Aert Anthoniszoon (abbreviated Anthonisz.) or Anthonissen, also known as Aart or Aert van Antum (born c. 1579–1580; buried 7 September 1620) was a Dutch marine painter.

==Life and career==
Aert Anthoniszoon was born at Antwerp. His parents moved the family to Amsterdam in 1591. He was possibly a pupil of Hendrick Cornelisz Vroom. In 1603, when he married Baycken Coutermans from Mechelen he signed a document in Amsterdam stating that he was 23 years old and had lived there for 12 years. He gave her a power of attorney to settle an inheritance in Mechelen in 1614. He was buried in the Zuiderkerk of Amsterdam.
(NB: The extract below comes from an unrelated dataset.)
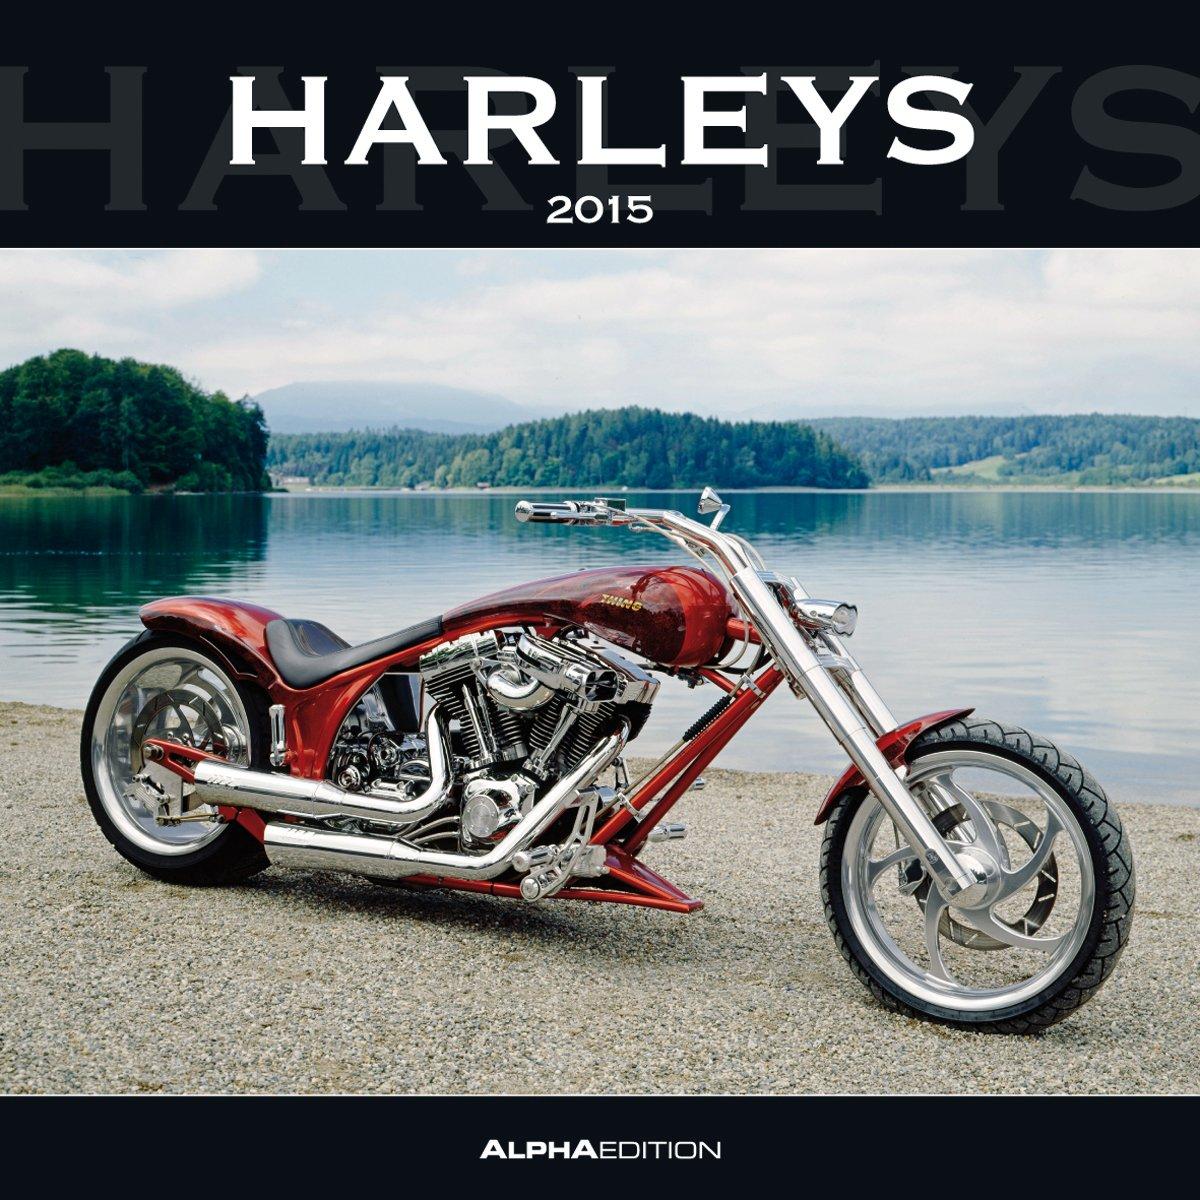 Harleys 2015 - Broschürenkalender (30 x 60 geöffnet)
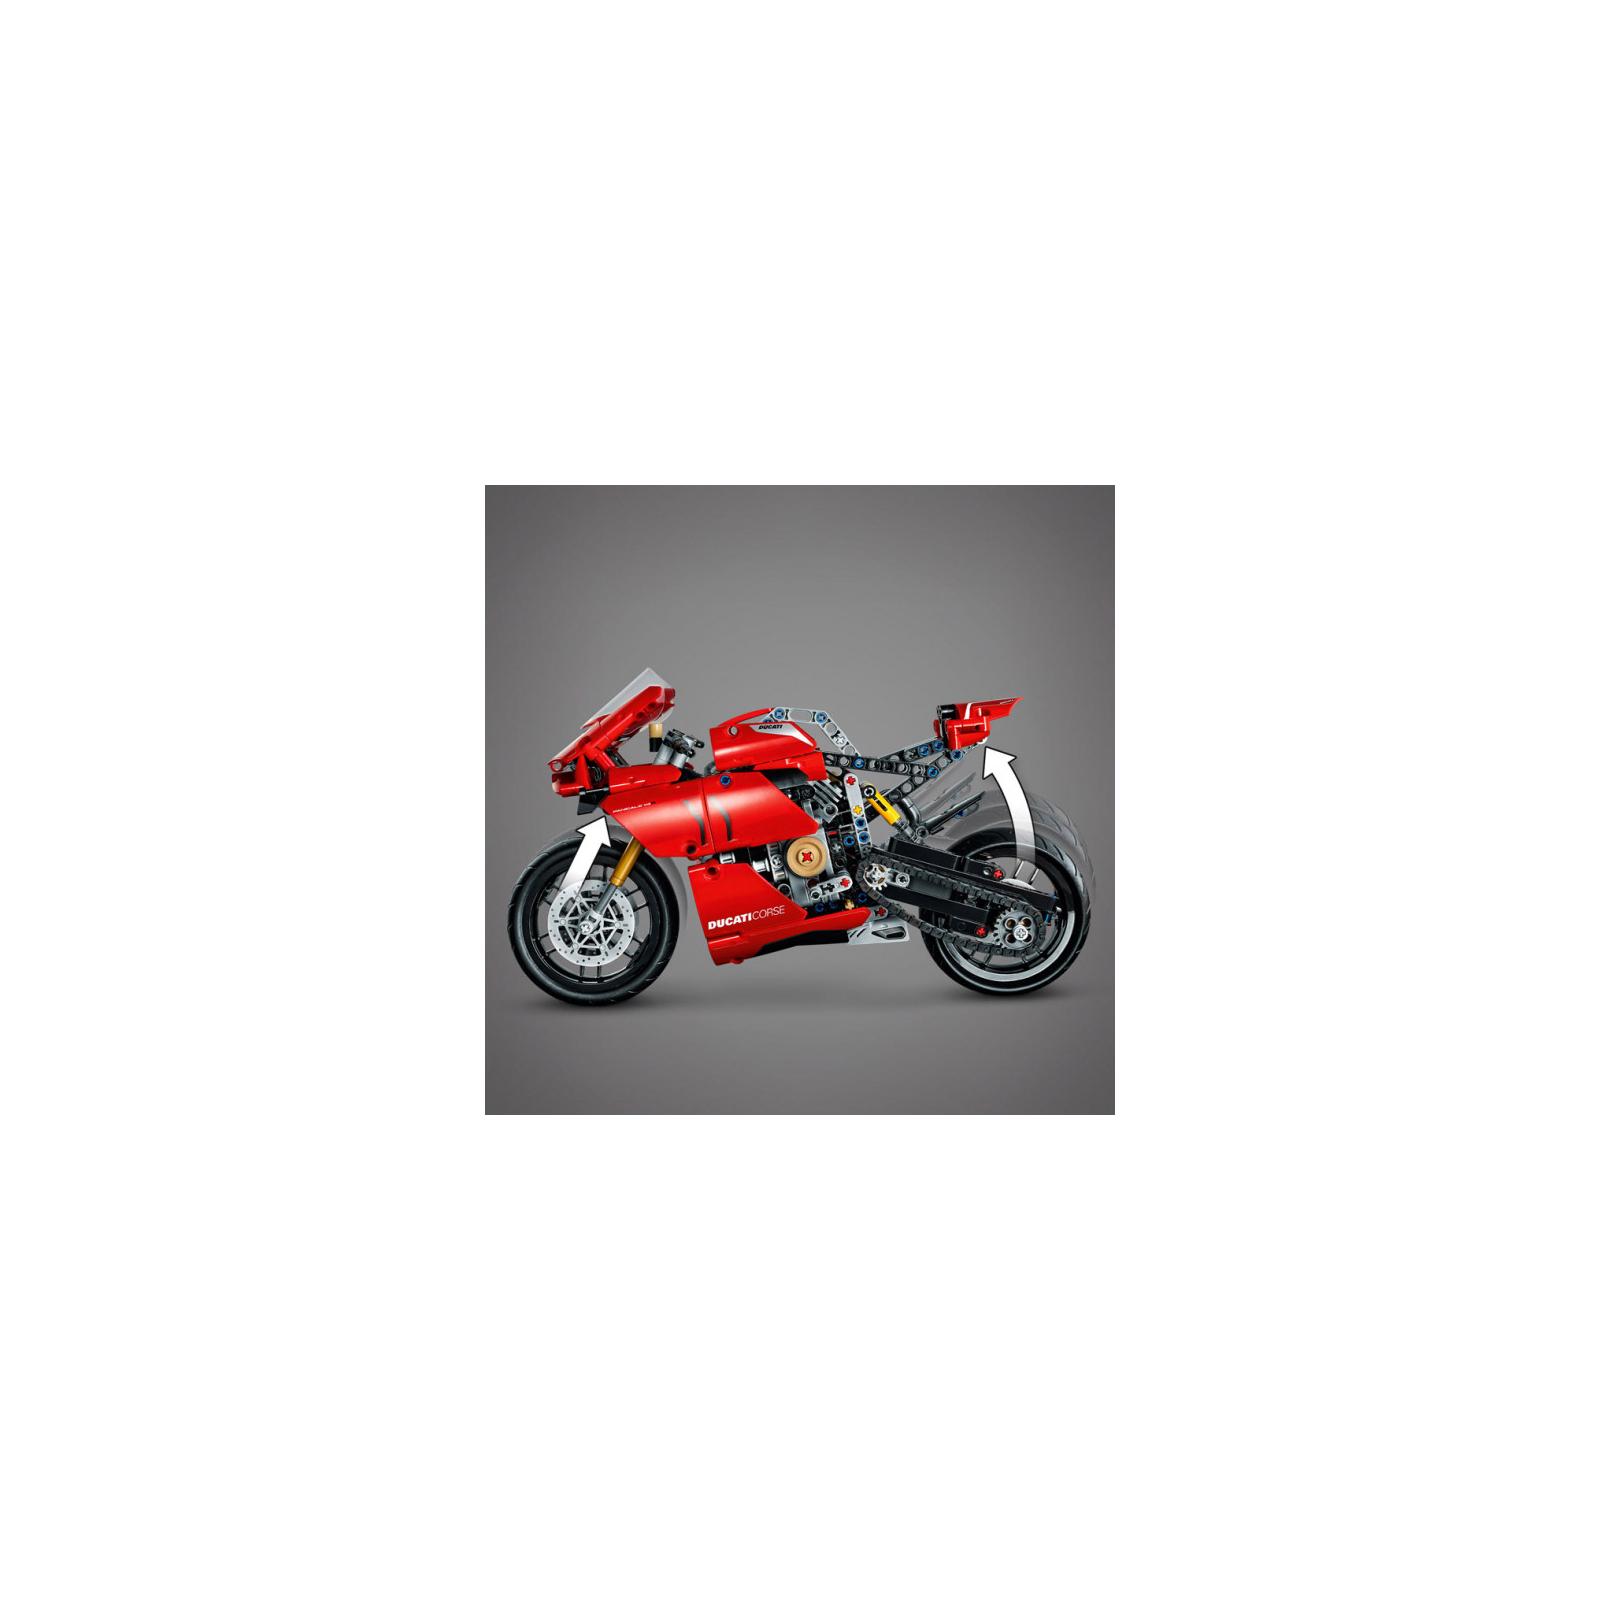 Конструктор LEGO Technic Ducati Panigale V4 R 0 646 детали (42107) изображение 7

Until 1973 Anthoniszoon was known as Aart or Aert van Antum, as his signatures on early paintings were interpreted as "Aert [van] Antum". Later research showed his signature to be "AERT ANT[...]", with the letters of his surname included with varying degrees of completion. One reason so little is known of him is that his life and work were overlooked or omitted by early 17th- and 18th-century painter biographers such as Arnold Houbraken.

Anthoniszoon was the father of the marine painter Hendrick van Anthonissen. A seapiece by him, signed "A. A.", is in the Berlin Museum.